* **PROBLEM TO SOLVE**
Once you find the line with "The Cyprus Review Index 1989 - 2018" in the listing below, set down exactly every line from it through the line with "Where can you", but no pictures.
START PROVIDED INFORMATION
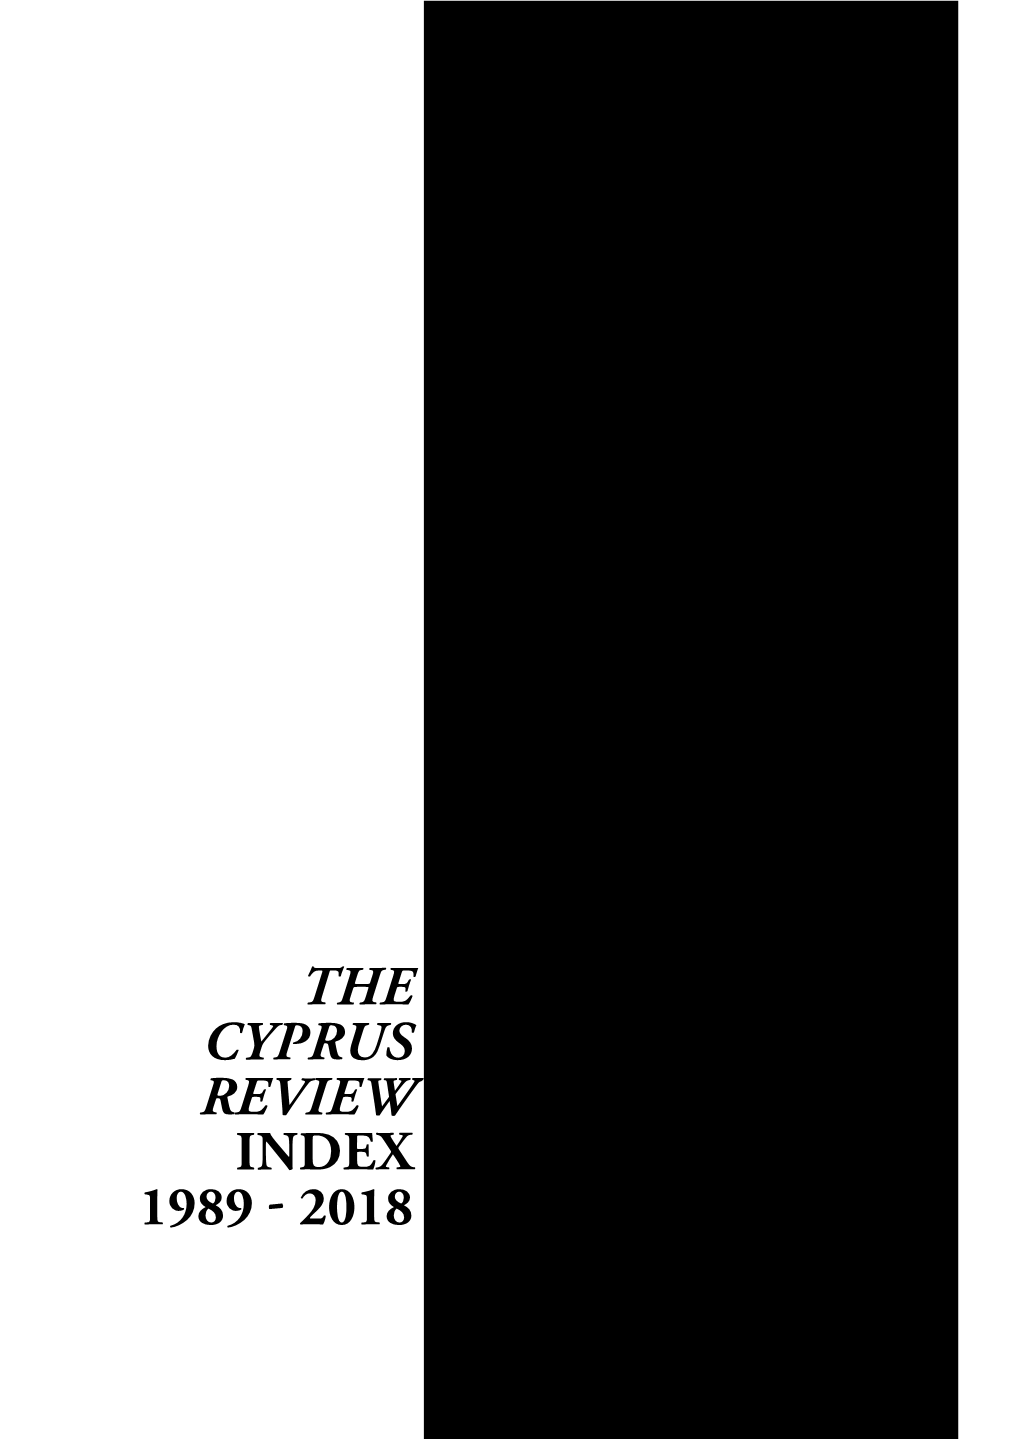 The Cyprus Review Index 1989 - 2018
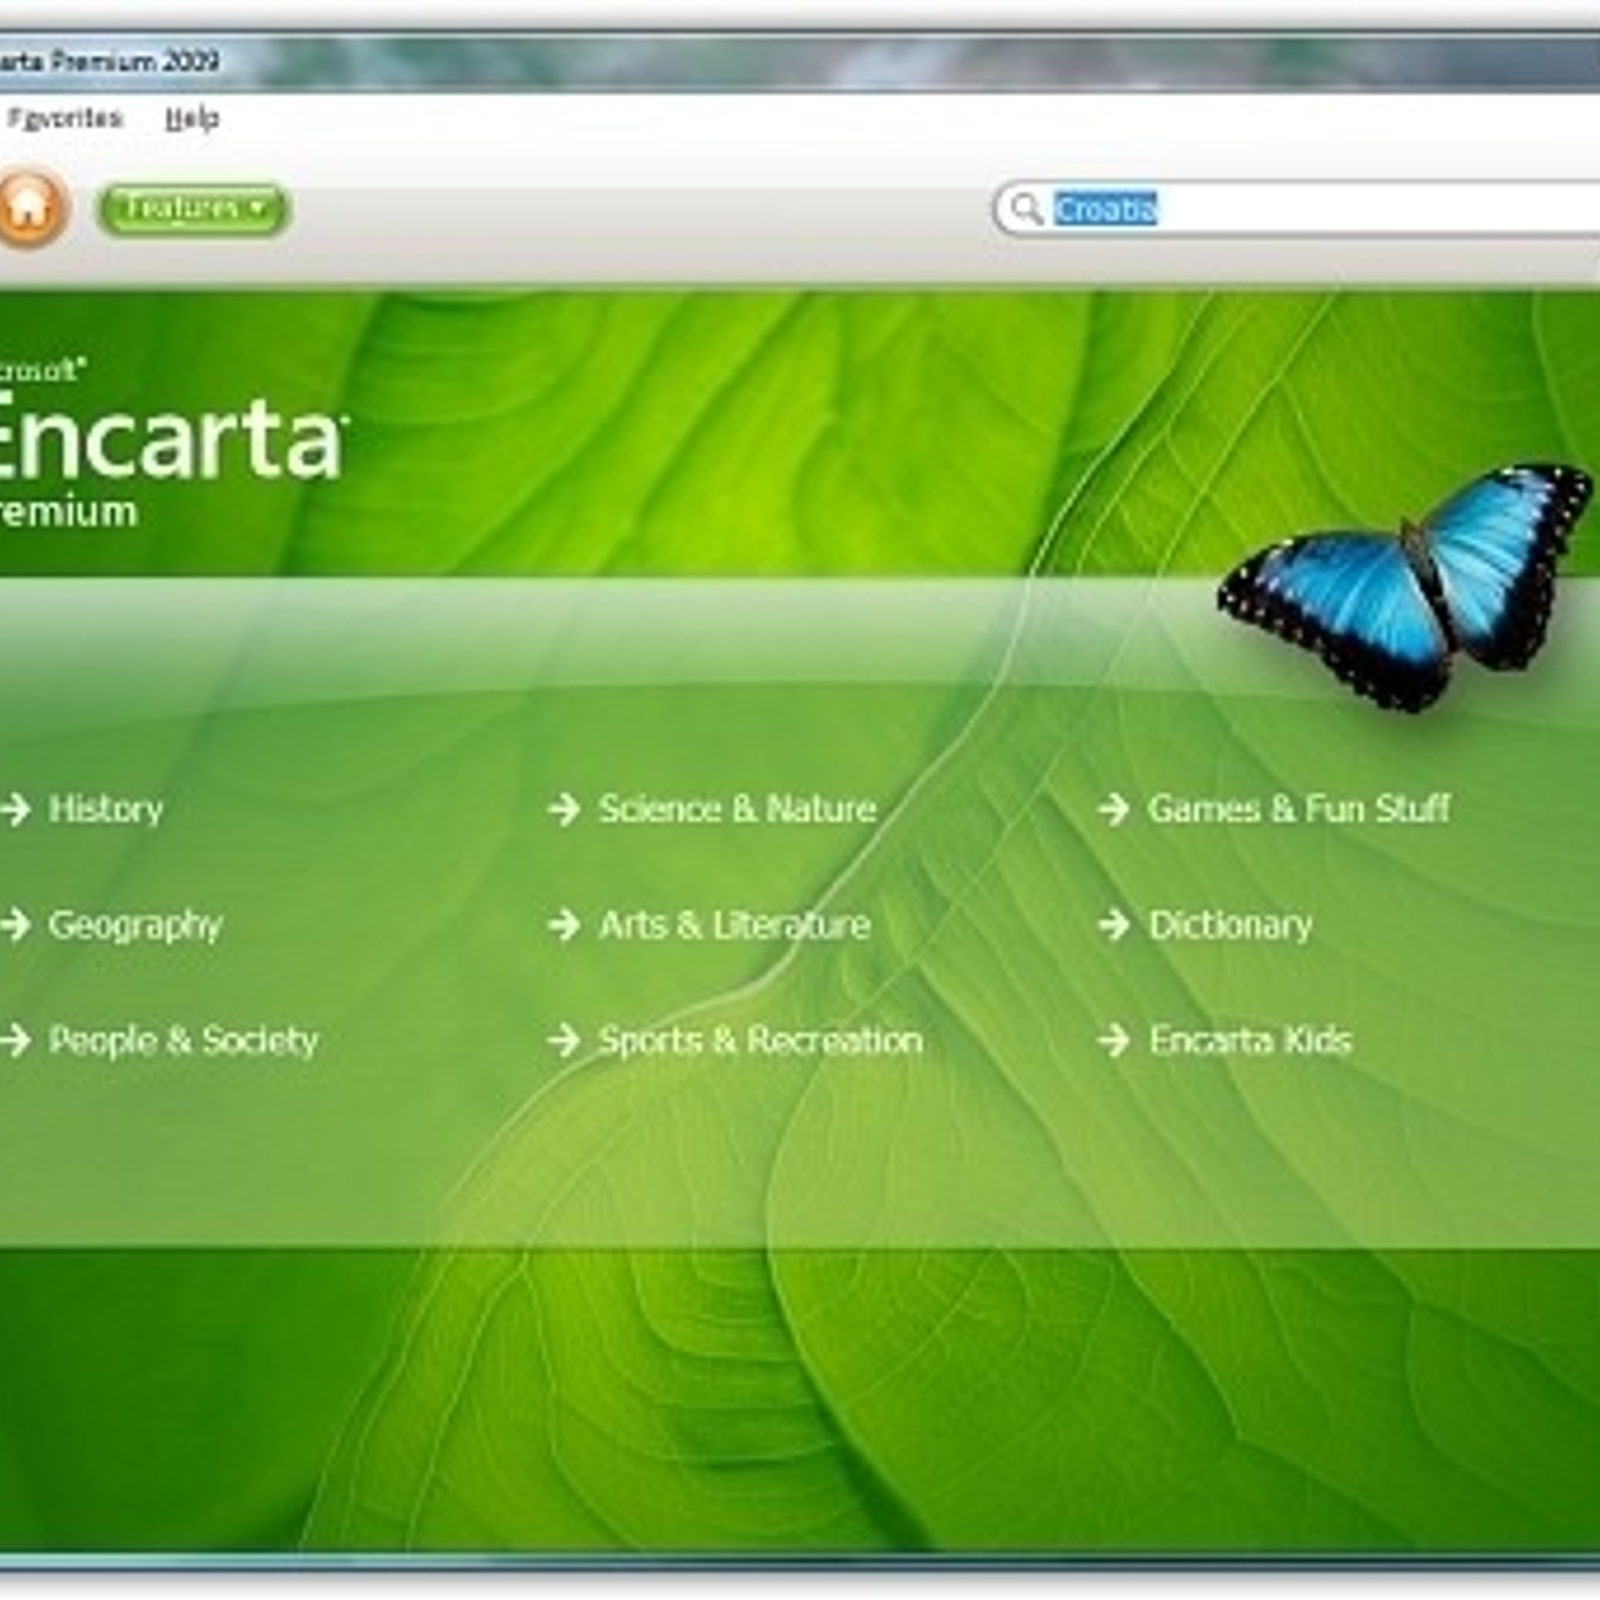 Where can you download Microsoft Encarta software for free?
END PROVIDED INFORMATION
START PROVIDED INFORMATION
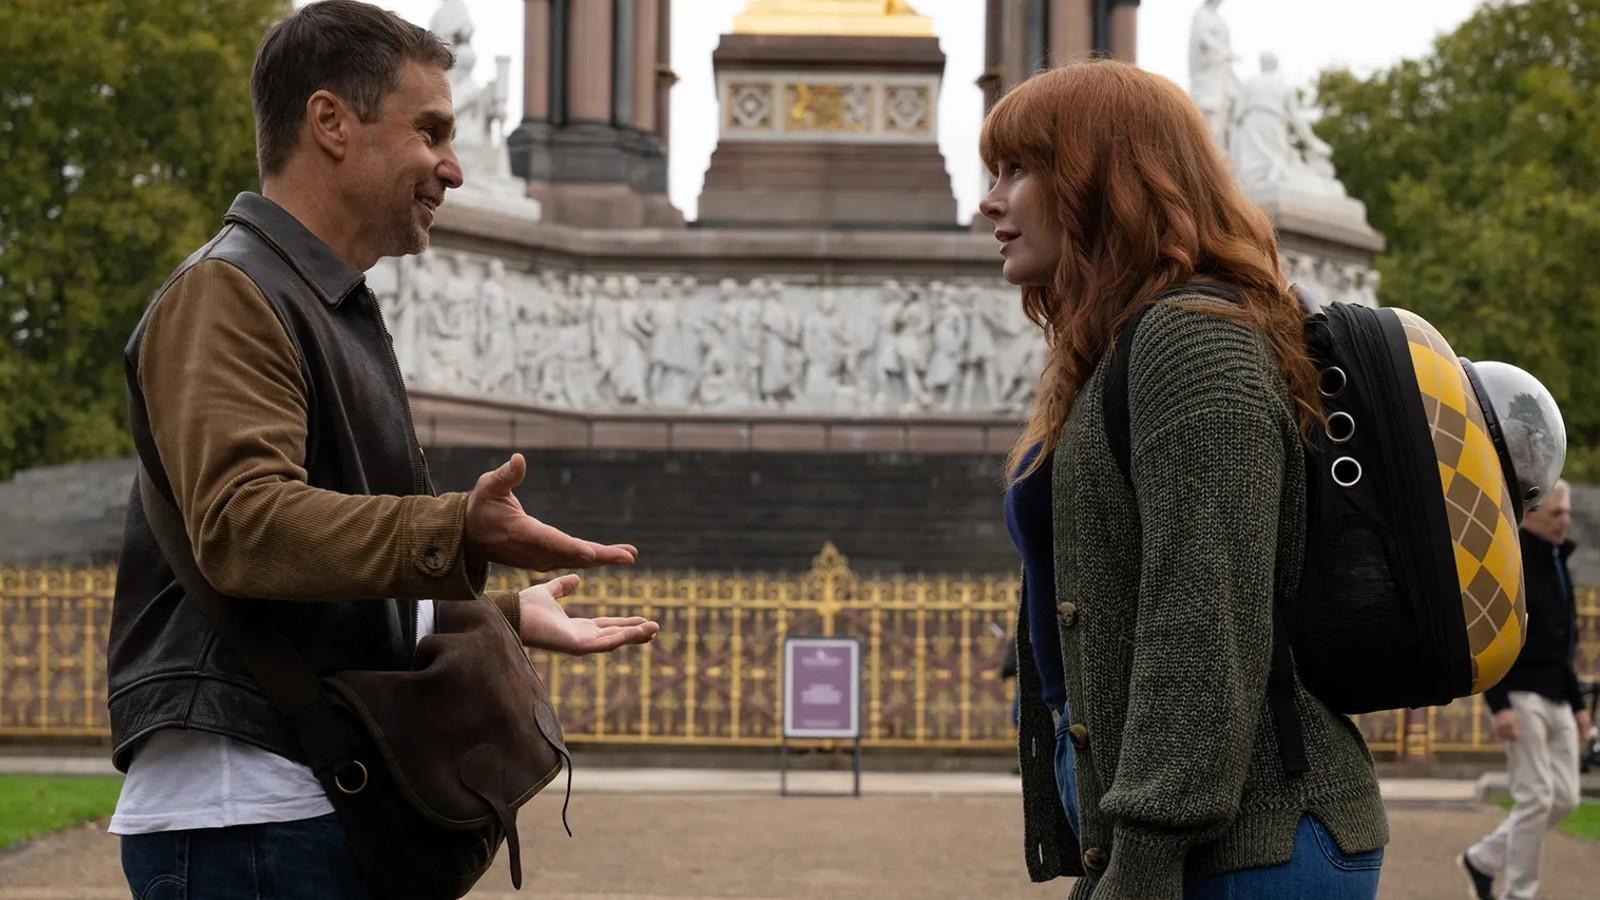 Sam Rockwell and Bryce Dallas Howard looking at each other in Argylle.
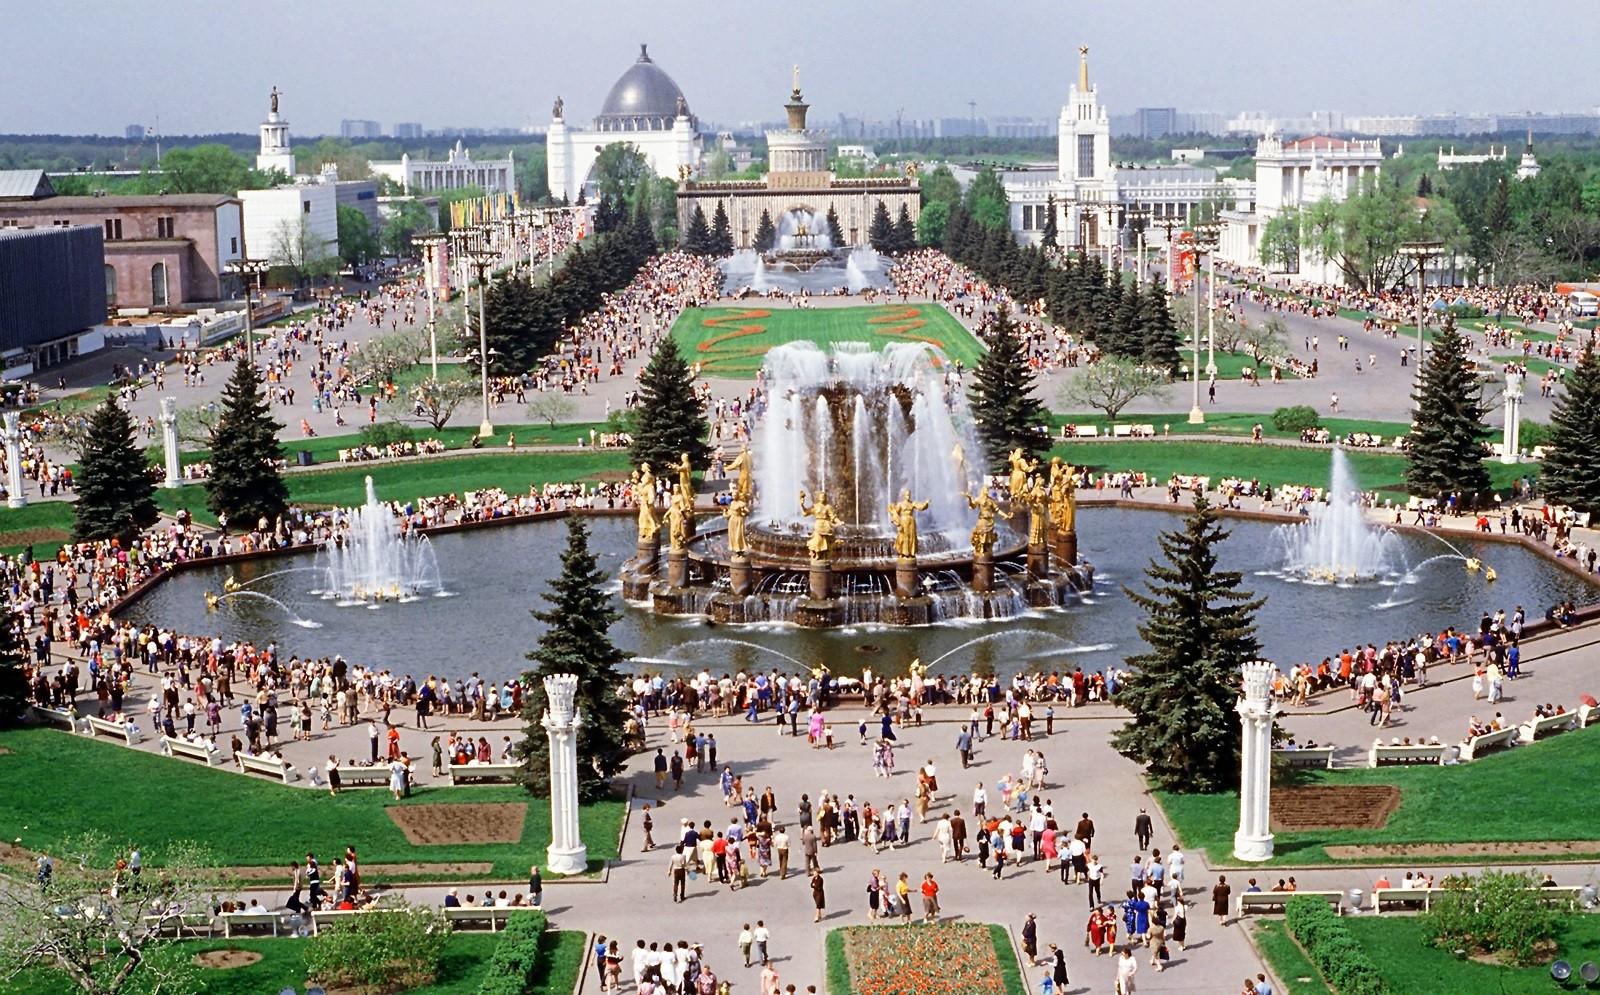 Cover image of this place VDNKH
END PROVIDED INFORMATION
START PROVIDED INFORMATION
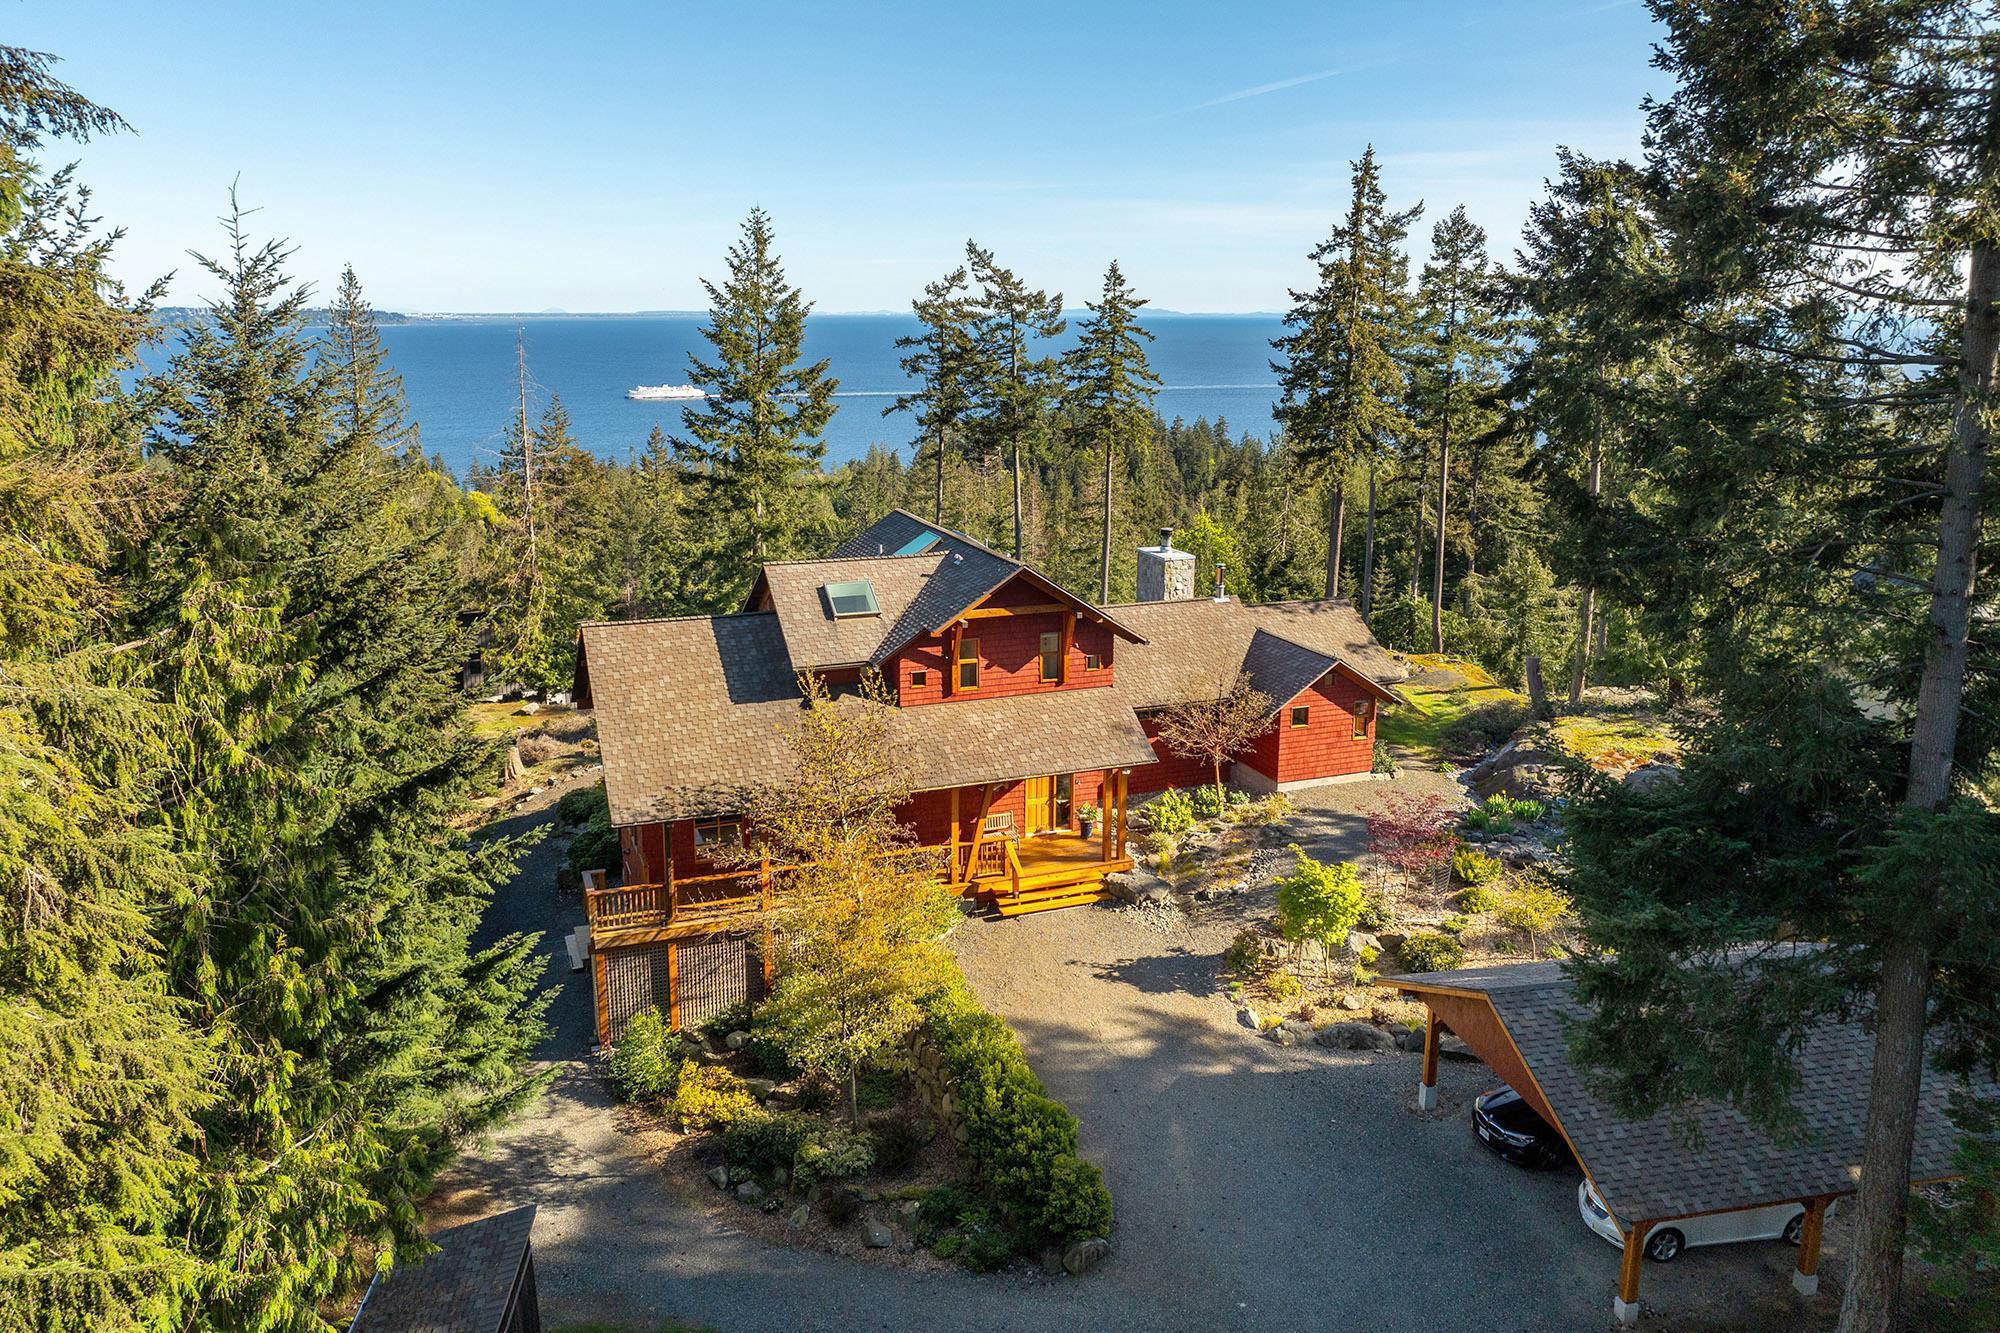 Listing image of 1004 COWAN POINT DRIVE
END PROVIDED INFORMATION
* **RESULT OF THIS TASK**
 The Cyprus Review Index 1989 - 2018
 Where can you download Microsoft Encarta software for free?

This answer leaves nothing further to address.